Two CHEurope members awarded ERC grants

Posted on: November 23, 2020

We are thrilled to announce that two of the CHEurope project consortium members have just been awarded each a huge ERC Synergy Grant by the European Research Council (ERC).

The first project entitled “From correlations to explanations: towards a new European prehistory” will be led and coordinated by Bronze Age specialist Kristian Kristiansen, Professor in Archaeology, and archaeologist Karl Göran Sjögren from the University of Gothenburg. In addition to other archaeologists from the University of Gothenburg, the project also includes strontium isotope specialists from the National Museum in Copenhagen, geneticists and archaeologists from University College London and geneticists from the Lundbeck Foundation GeoGenetics Centre at the University of Copenhagen. By combining novel modelling approaches with archaeology and large quantities of data and analyses – including everything from prehistoric genetic material to climate data – the research team aims to discover and explain the key processes behind the genetic and cultural diversity in Europe. The researchers will investigate the period from the first farmers around 6,000 years BCE, to the end of the Bronze Age around 500 years BCE.

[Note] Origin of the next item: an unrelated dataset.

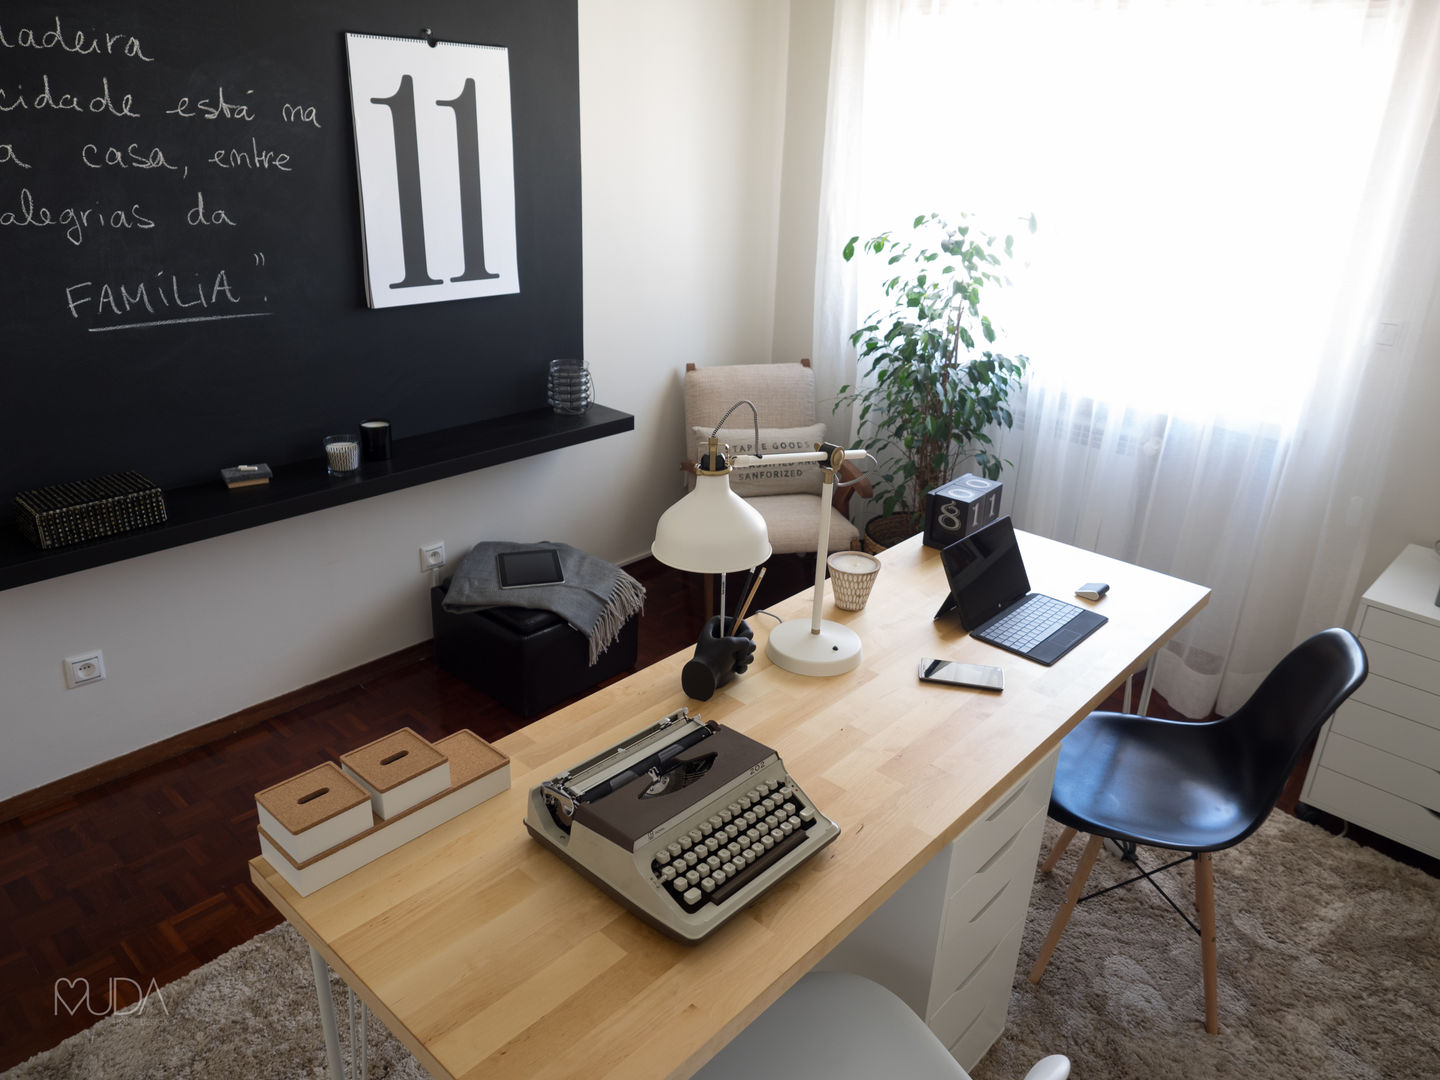 Escritório Preto no Branco - Depois MUDA Home Design Escritórios escandinavos

The second project is entitled Material Minds: Exploring the Interactions between Predictive Brains, Cultural Artefacts, and Embodied Visual Search and is led by Felipe Criado-Boado, Spanish National Research Council (CSIC), Institute of Heritage Sciences (Incipit), in partnership with Andy Clark, University of Sussex, Department of Informatics and Department of Philosophy (UK), Luis M. Martínez, Spanish National Research Council-CSIC, Institute of Neurosciences-IN (SP) and Johannes Müller, University of Kiel, Institute of Prehistoric and Protohistoric Archaeology (DE). The project asks in what ways the worlds we build and inhabit alter our own minds and the ways we process information? Do the material structures of our settlements, buildings, roads, and artefacts change fundamental patterns of thought and attention, so that understanding change in these ‘material codes’ becomes part and parcel of understanding the emergence of the modern mind? To answer these questions, the “Material Minds” Project brings together a unique team from archaeology, vision science, and cognitive philosophy. Using a carefully curated set of materials, spanning a range of cultures and a wide sweep of archaeological, historic, ethnoarchaeological and contemporary settings, we aim to test, for the first time, the hypothesis of materiality-driven cognitive change. “Materiality” here refers to material culture: human made cultural artefacts that include portable objects but also buildings, landscapes and ornamentations. The project will develop and deploy a new synergistic methodology that combines multiple real-world case studies with state-of-the-art visual neuroscience, and agent-based simulations.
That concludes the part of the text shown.